B cells have the unique ability to produce a tailored and highly specific antibody response against a virtually limitless range of antigens, which is possible due to diversification of antibody genes. As B cells differentiate into antibody secreting cells, gene deletional and recombinatorial events occur at the IgH locus by a mechanism known as class switch recombination (CSR). CSR exchanges the exon encoding the constant region of the IgH chain (CH exon) for an alternative antibody isotype (e.g. IgG), thereby defining the effector function of antibodies. At the molecular level, CSR depends on transcription of long non-coding RNA (switch RNA) initiated upstream of each CH exon undergoing recombination. Due to the G-richness and highly repetitive nature of switch RNA sequences, these transcripts can fold into G-quadruplex structures (G4 RNA) and can stably hybridize to the template DNA strand forming R-loop structures. Both G4 RNA and R-loop structures have been implicated in targeting the mutagenic enzyme activation-induced cytidine deaminase (AID) to the IgH locus, to initiate CSR.

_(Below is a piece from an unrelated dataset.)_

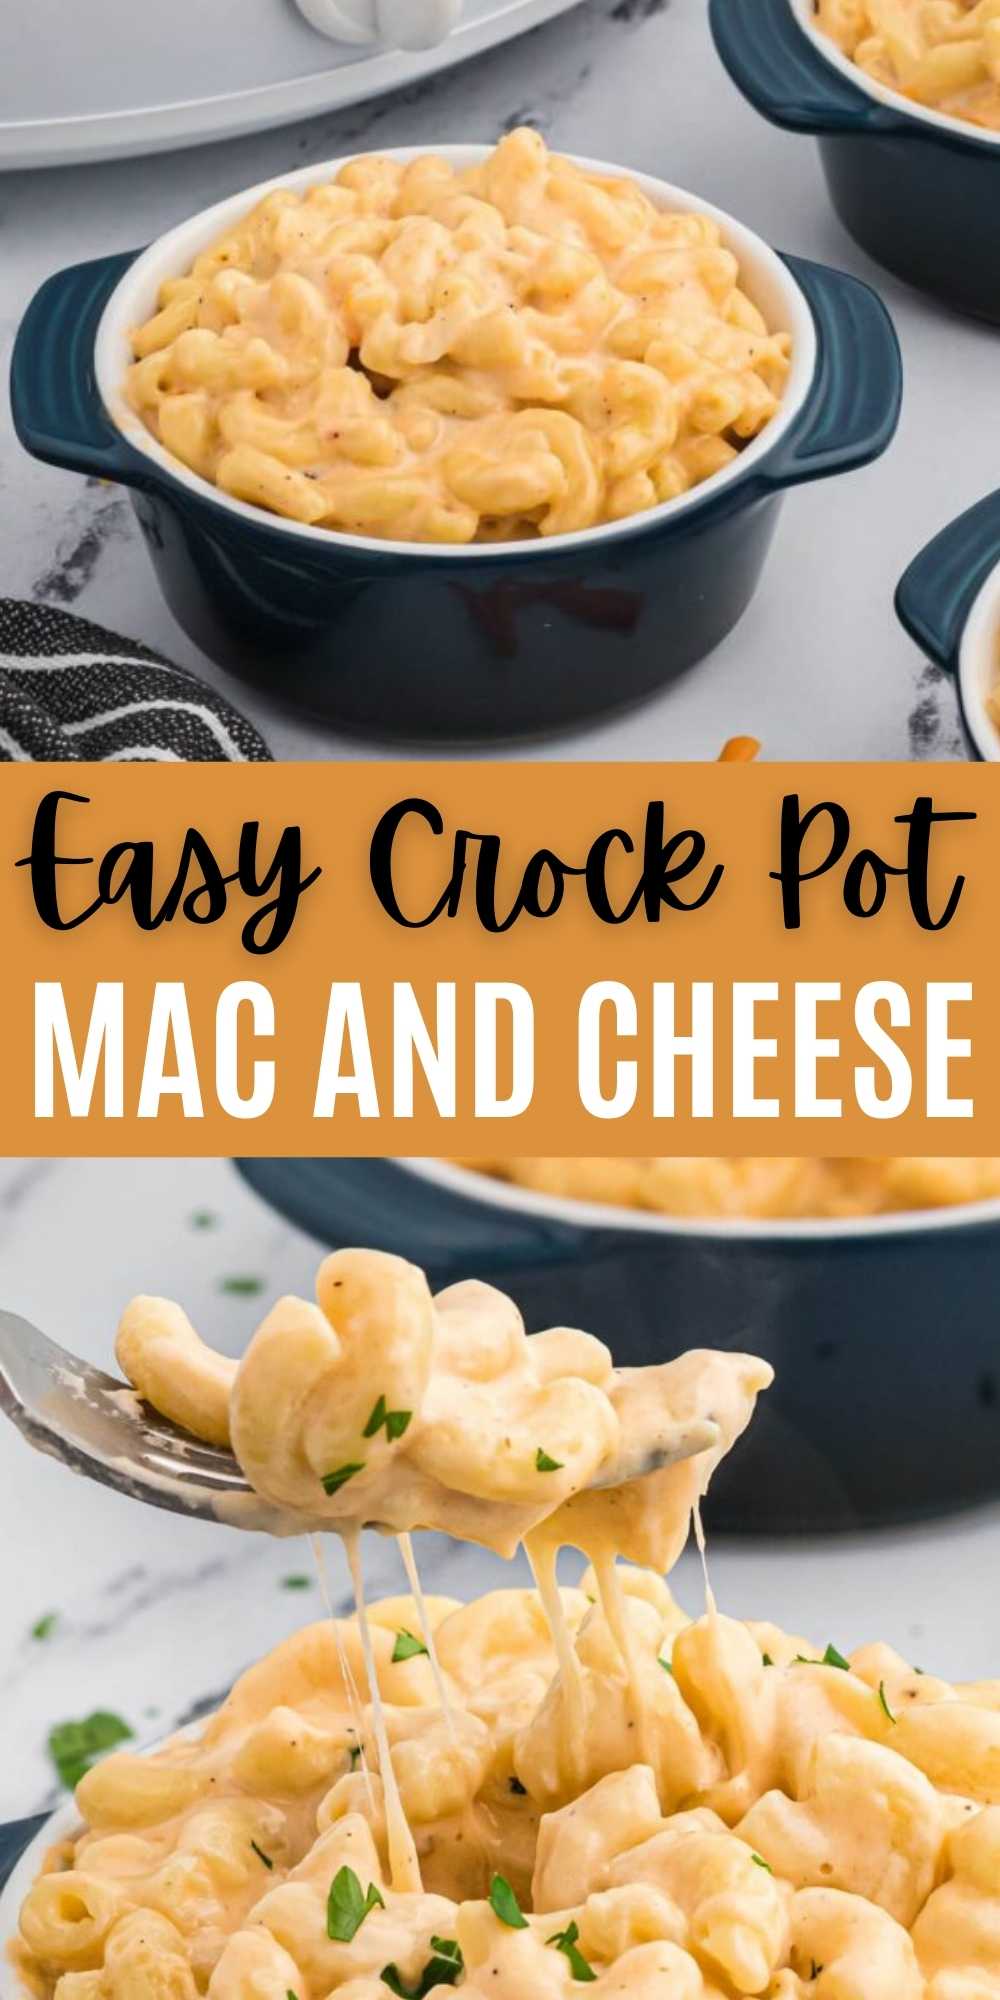 Easy Crock Pot Mac and Cheese Recipe - Butter & Baggage

The Ribeiro group studies how RNA binding proteins (RBPs) regulate DNA recombination at Ig loci. In particular, we are interested in the role of DEAD-box RNA helicases, a large family of RBPs that utilize ATP hydrolysis to remodel RNA structures or RNA-protein interactions. The Ribeiro group have previously shown that DEAD-box RNA helicase 1 (DDX1) binds to G4 RNA and converts it into Rloops, thus targeting AID and promoting CSR (Ribeiro de Almeida et al., 2018). This PhD project aims to understand the role DDX1 and G4 RNA play downstream of AID targeting. Our unpublished data suggests DDX1 participates in the DNA repair of AID-induced DNA double-strand breaks (DSBs). Importantly, inappropriate targeting of AID to non-Ig hotspots (off-target genes) and aberrant DSB repair leads to the development of B cell lymphoma. Therefore, a related question is whether a DDX1/G4 RNA mechanism of AID targeting is associated with B cell lymphomagenesis. To address these questions, we will 1) characterize the molecular mechanisms by which DDX1 participates in DSB repair; 2) investigate if DDX1 is implicated in DSB repair pathway choice and associated genome
instability; 3) determine how DDX1's role in CSR relates to B-cell activation during an immune response. These studies will provide new insight into RNA-mediated mechanisms controlling CSR, which deregulation can result in the development of immune disease or B-cell lymphomagenesis.